### Task
Would you copy the lines below exactly and omit the images?

### Provided material
^^^^

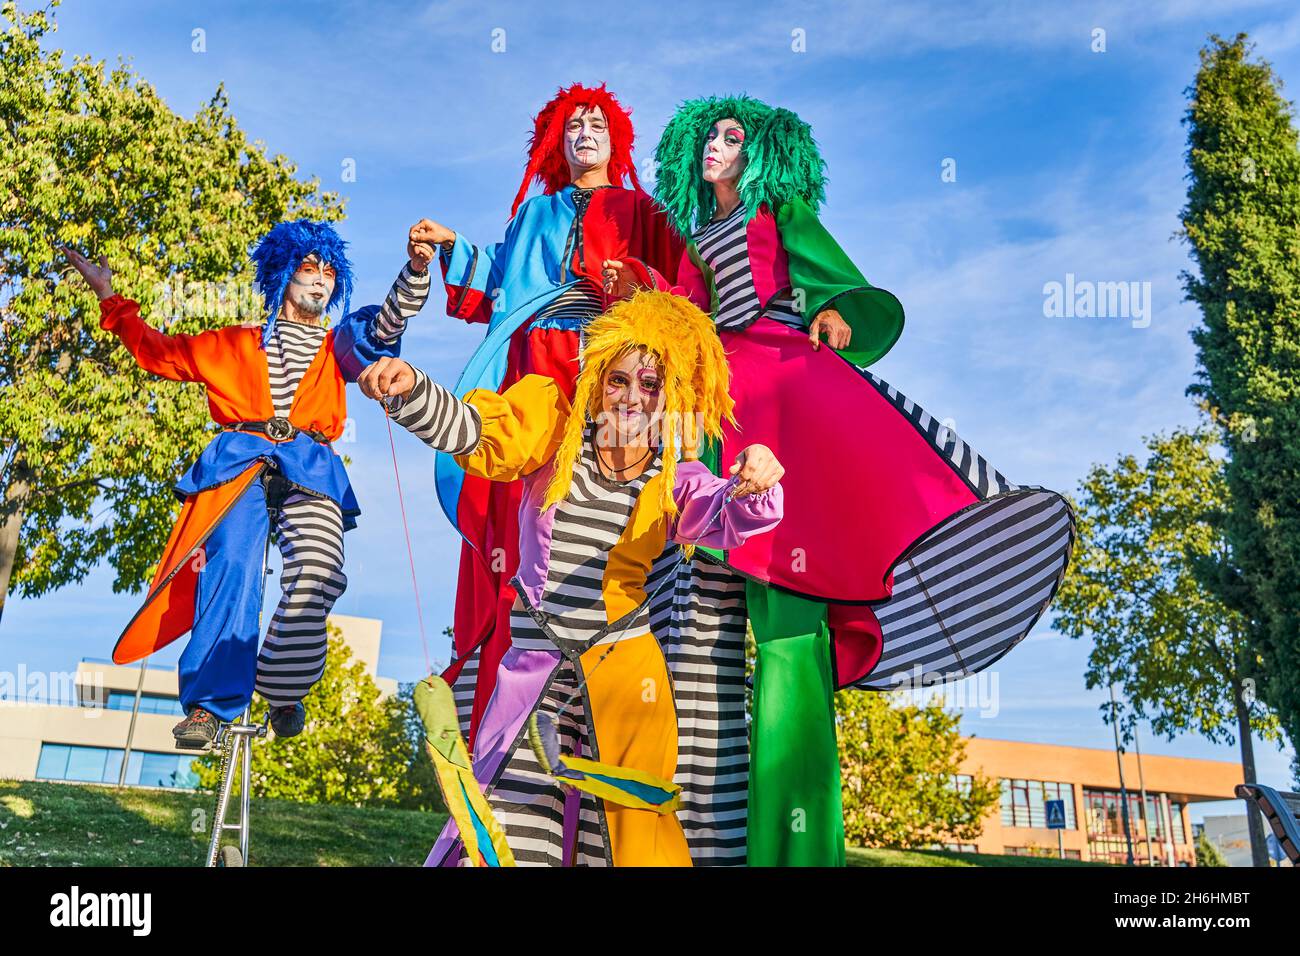 Low angle of cheerful male and female clowns in colorful costumes and wigs, smiling while performing show on stilts and unicycle during festival in city park Stock Photo
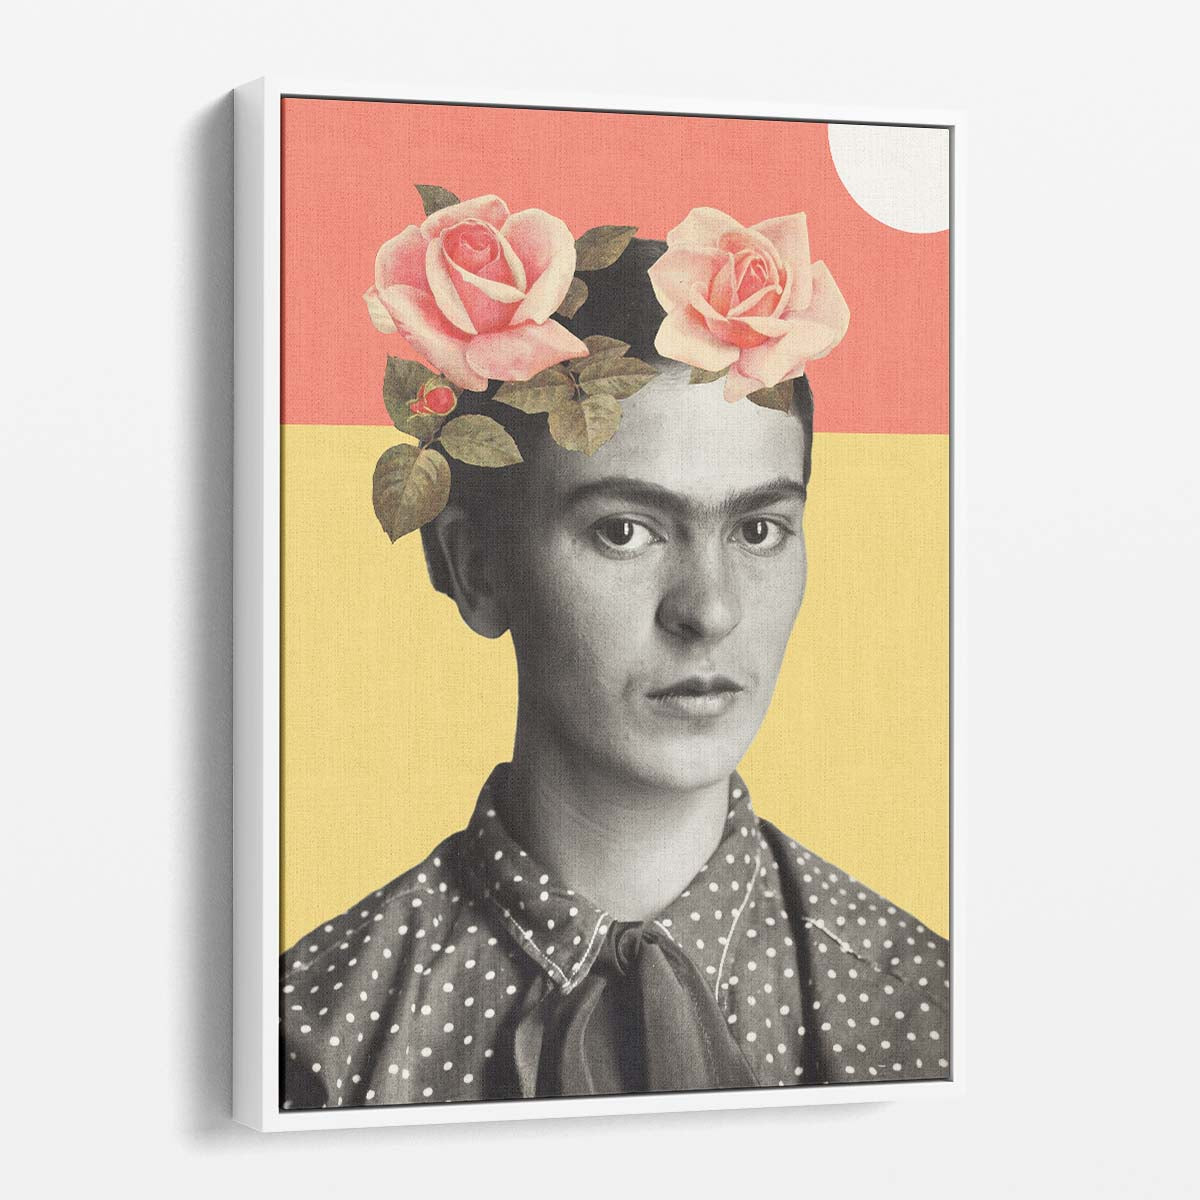 Colorful Frida Kahlo Portrait Illustration with Floral Montage by Luxuriance Designs, made in USA
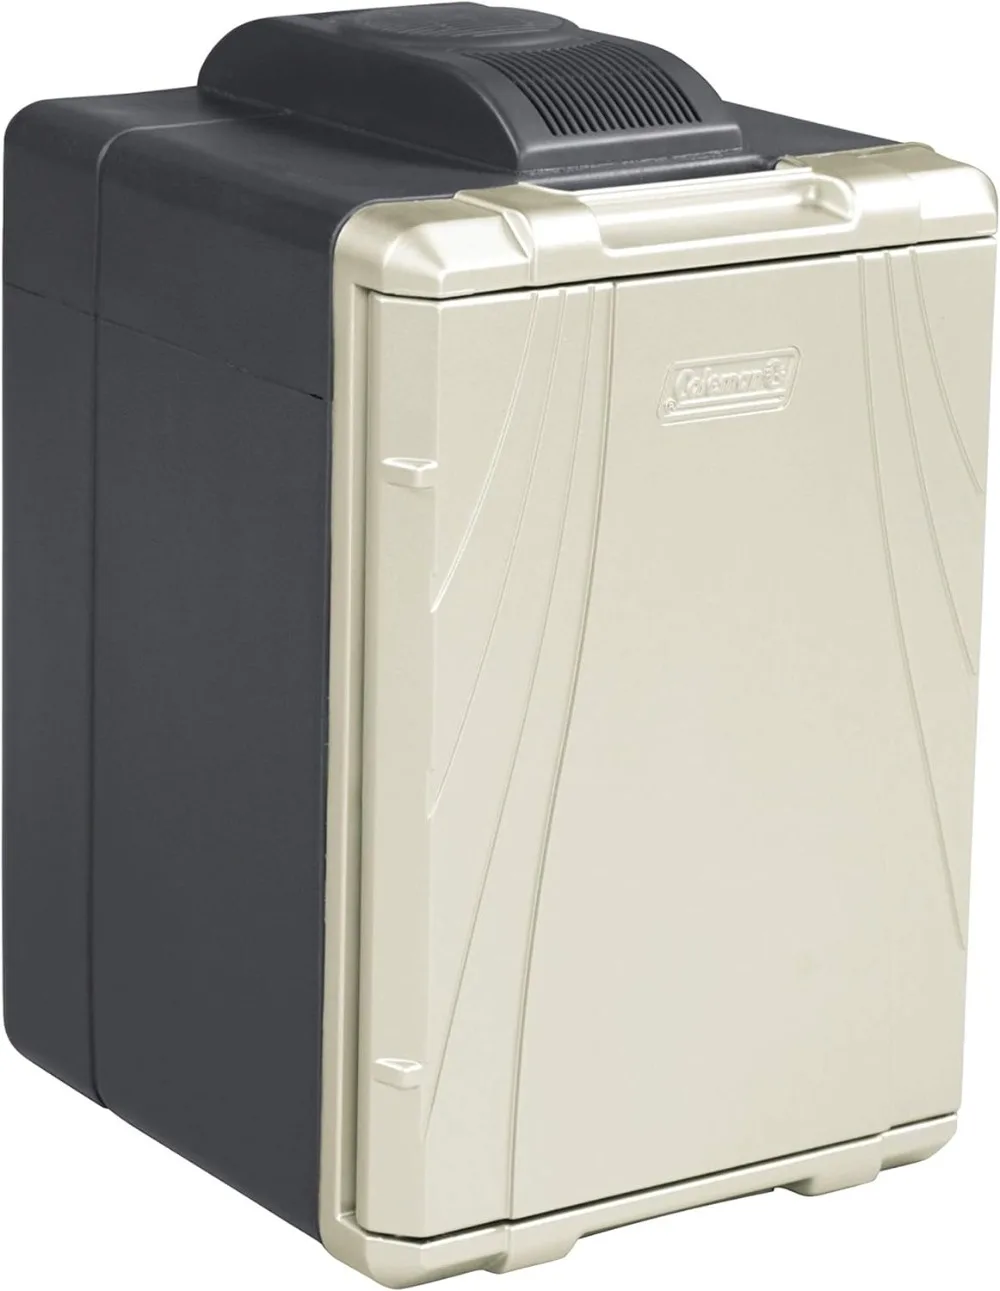 

40qt Thermoelectric Cooler & Warmer, Hot/Cold Cooler Keeps Contents up to 40°F Cooler or 140°F Hotter Than Surrounding
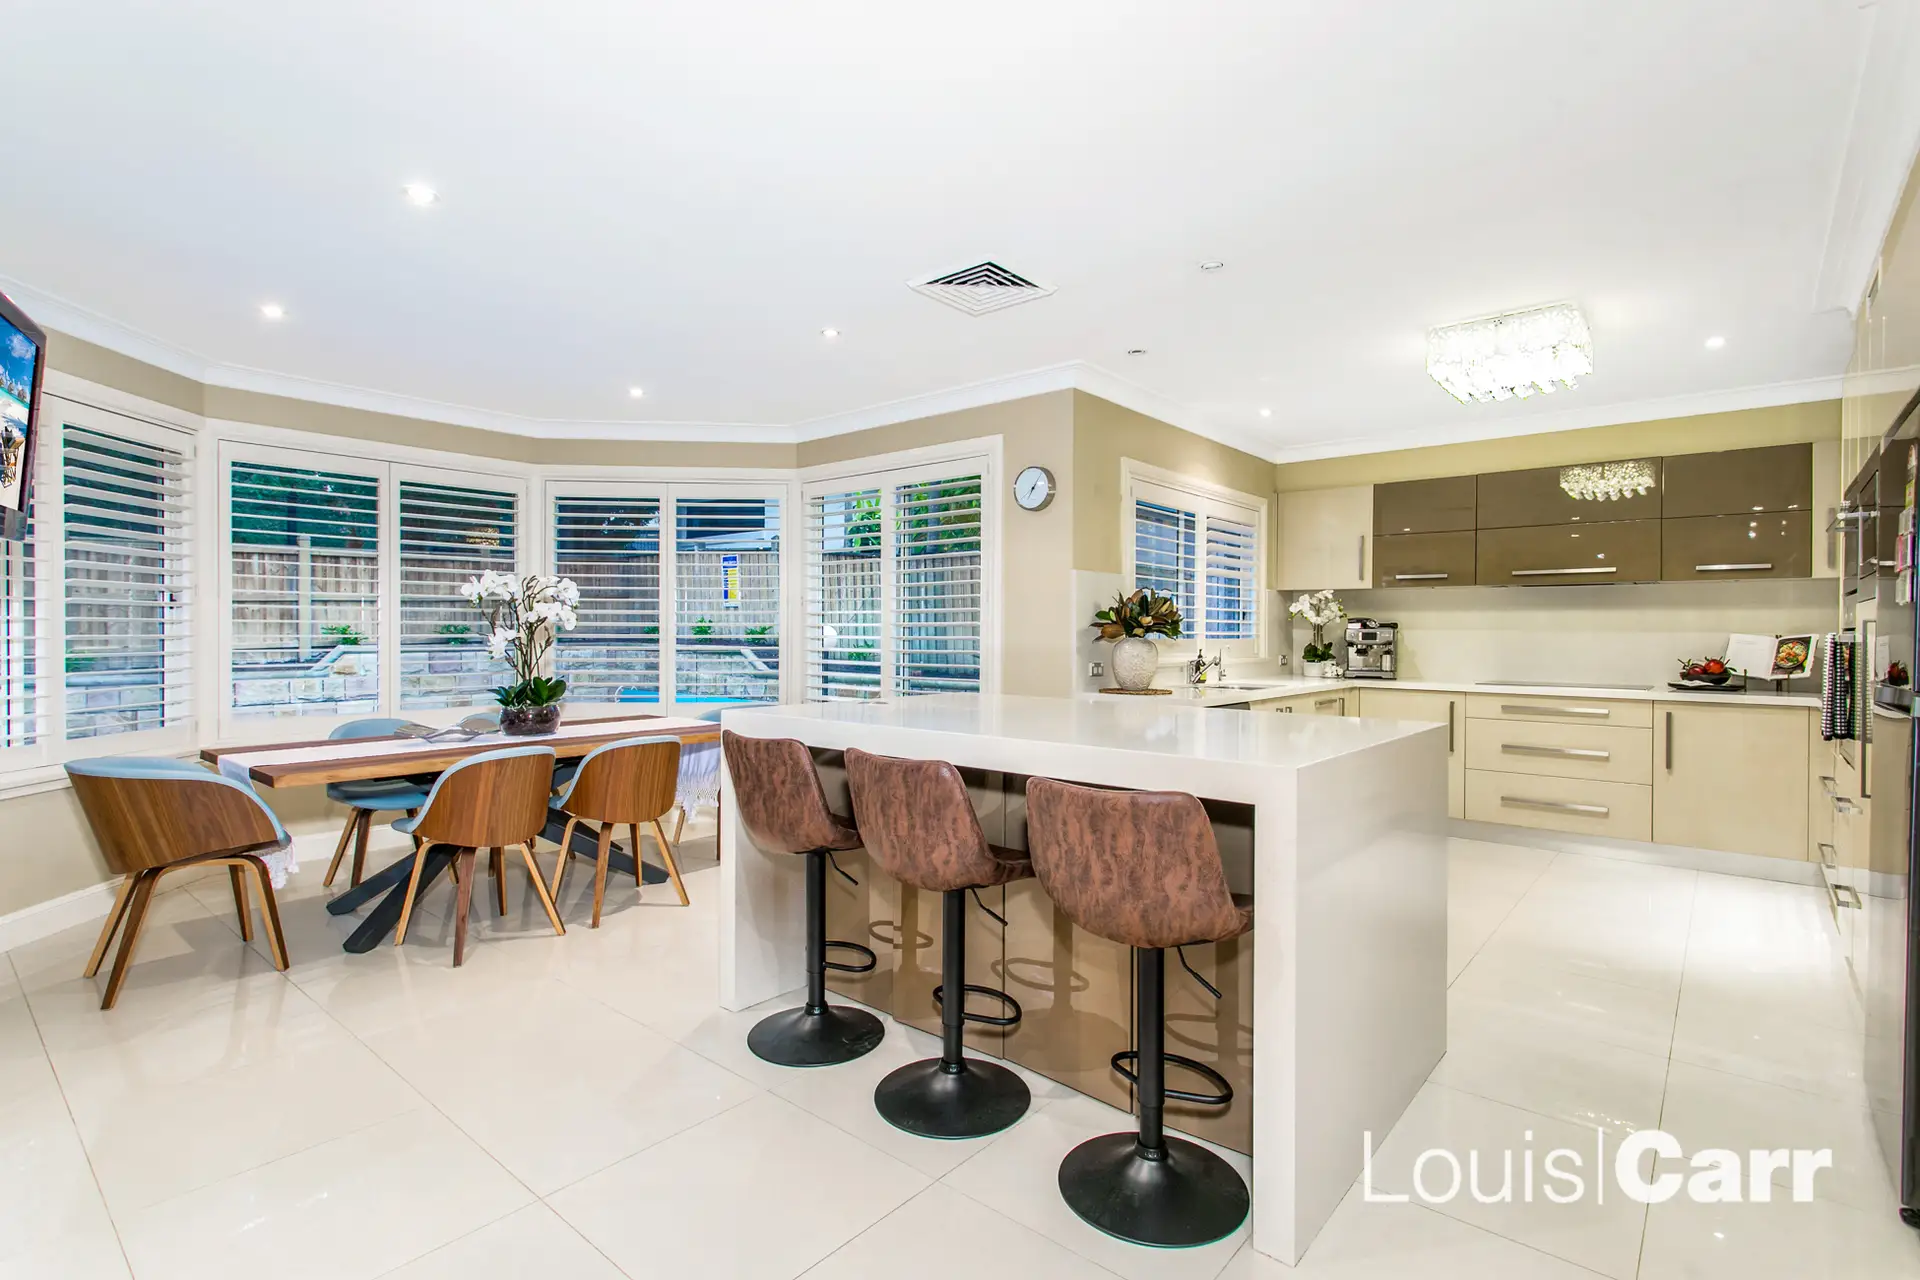 Photo #3: 5 Rodney Place, West Pennant Hills - Sold by Louis Carr Real Estate

^^^^

### Answer area
 Low angle of cheerful male and female clowns in colorful costumes and wigs, smiling while performing show on stilts and unicycle during festival in city park Stock Photo
 Colorful Frida Kahlo Portrait Illustration with Floral Montage by Luxuriance Designs, made in USA

40qt Thermoelectric Cooler & Warmer, Hot/Cold Cooler Keeps Contents up to 40°F Cooler or 140°F Hotter Than Surrounding
 Photo #3: 5 Rodney Place, West Pennant Hills - Sold by Louis Carr Real Estate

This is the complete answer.